Try it
Return the data verbatim, without pictures.

The data

>>>>

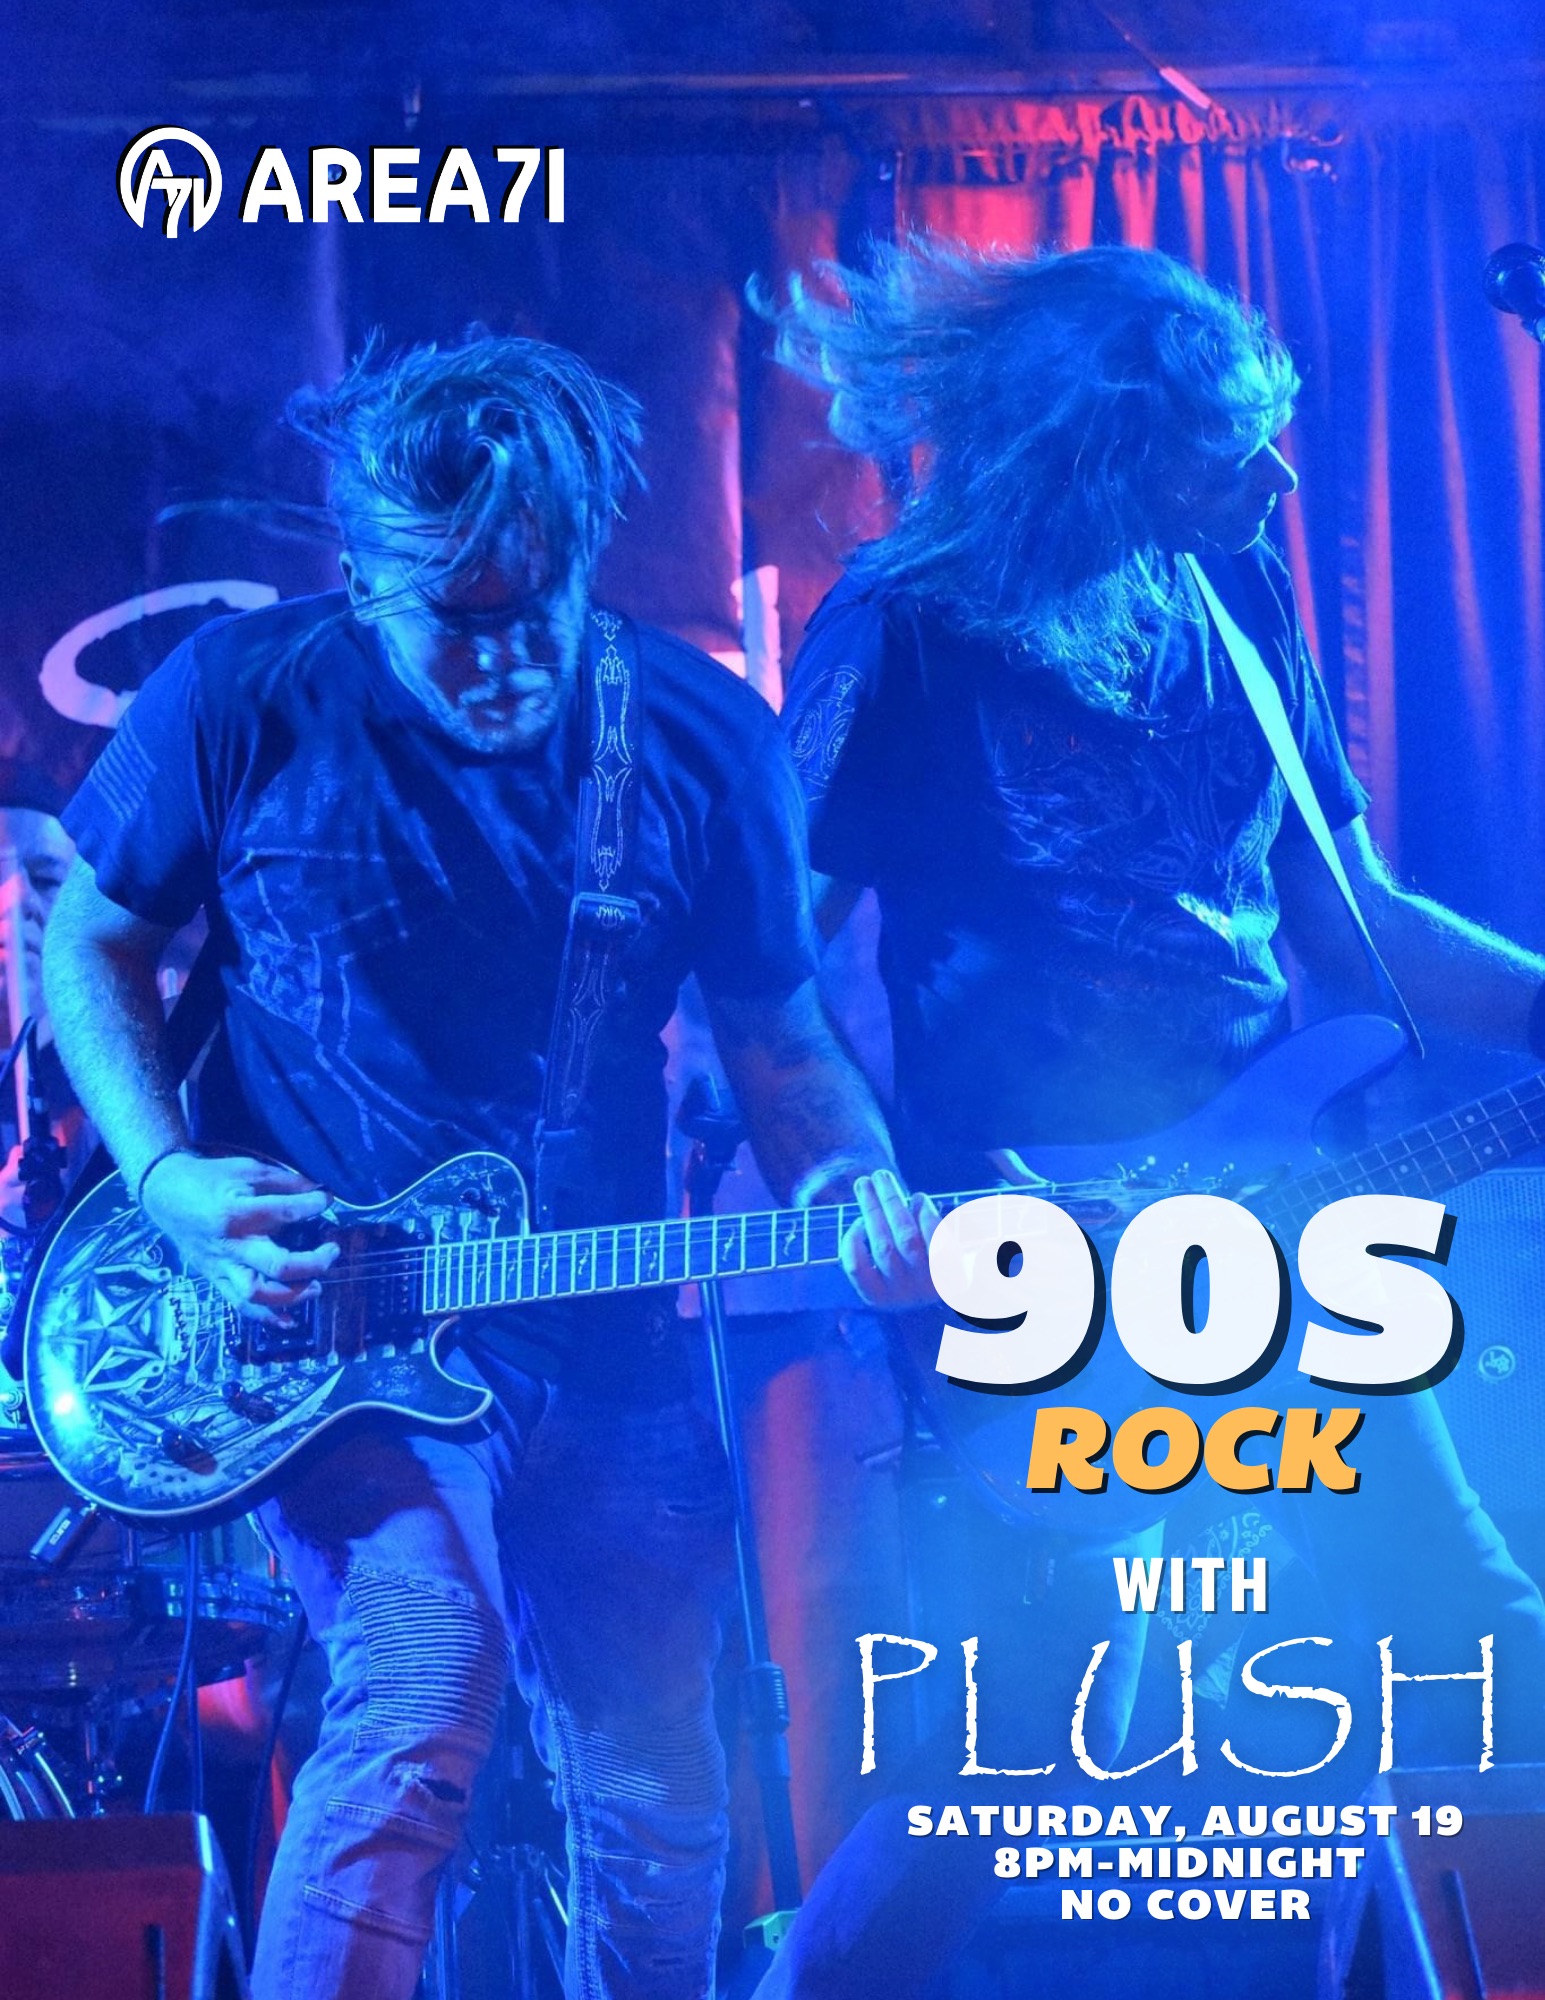 PLUSH - 90s Rock Experience
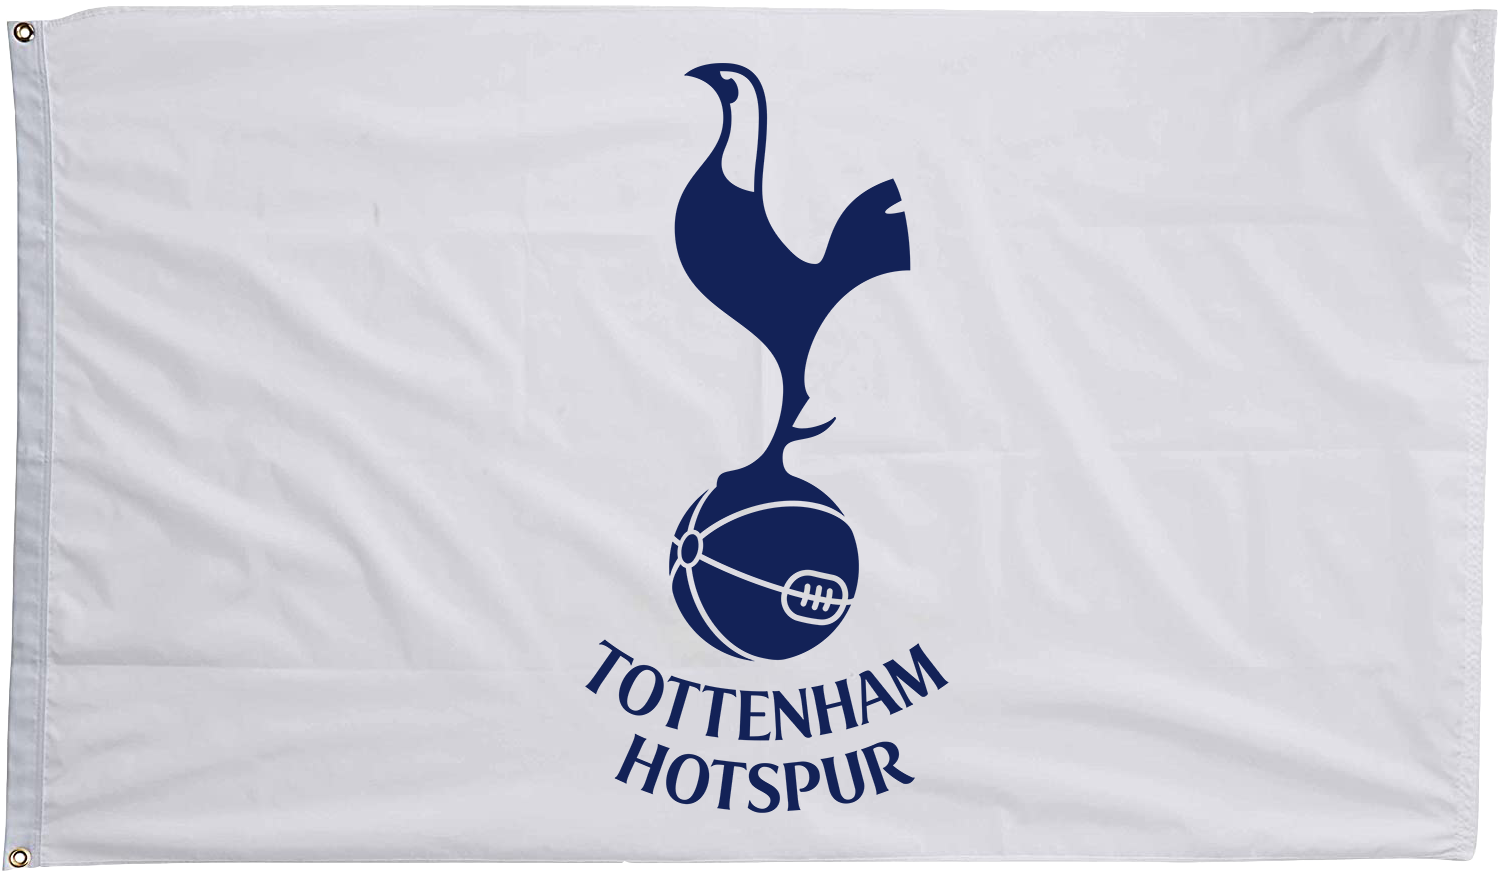 Tottenham Hotspur Flag Banner 3x5ft The Spurs
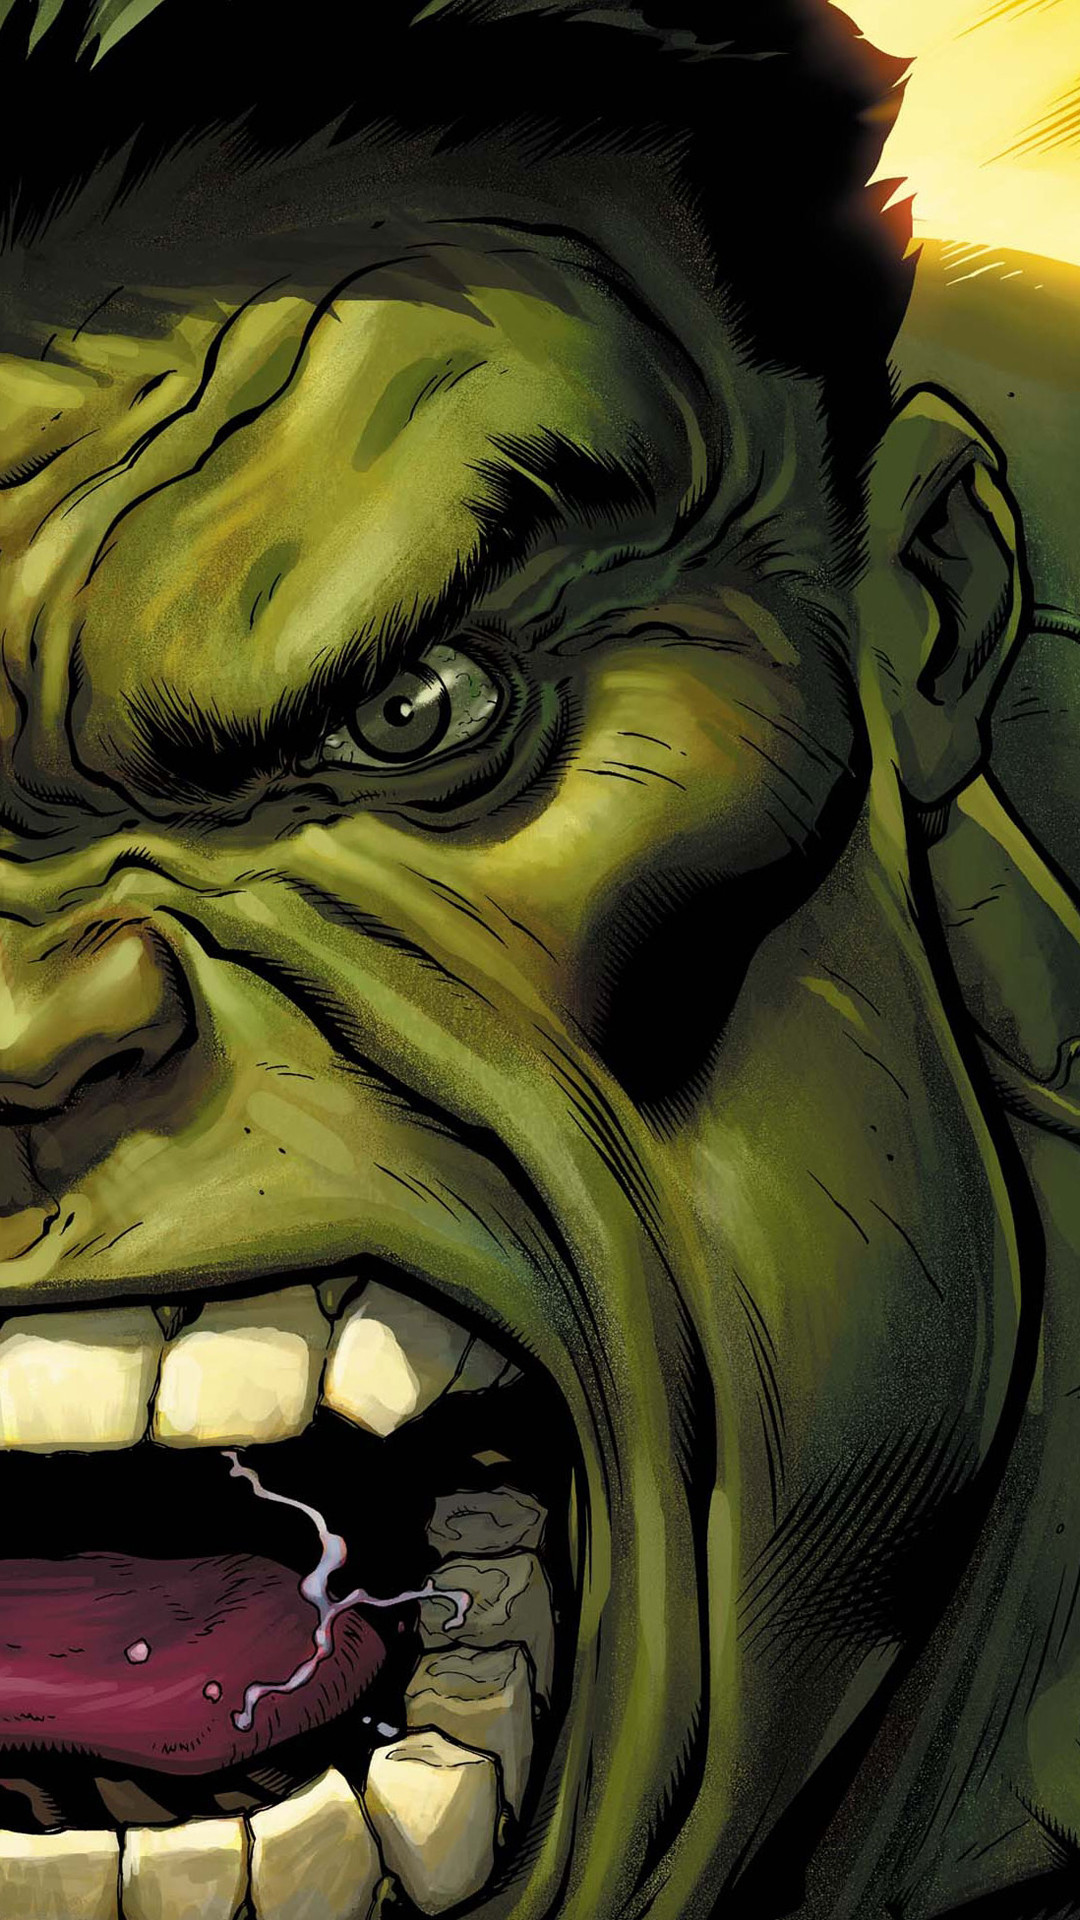 1080x1920 The Hulk Screaming Illustration iPhone 6 Plus HD Wallpaper ...

<<<<

Completed task
 PLUSH - 90s Rock Experience
 Tottenham Hotspur Flag Banner 3x5ft The Spurs
 1080x1920 The Hulk Screaming Illustration iPhone 6 Plus HD Wallpaper ...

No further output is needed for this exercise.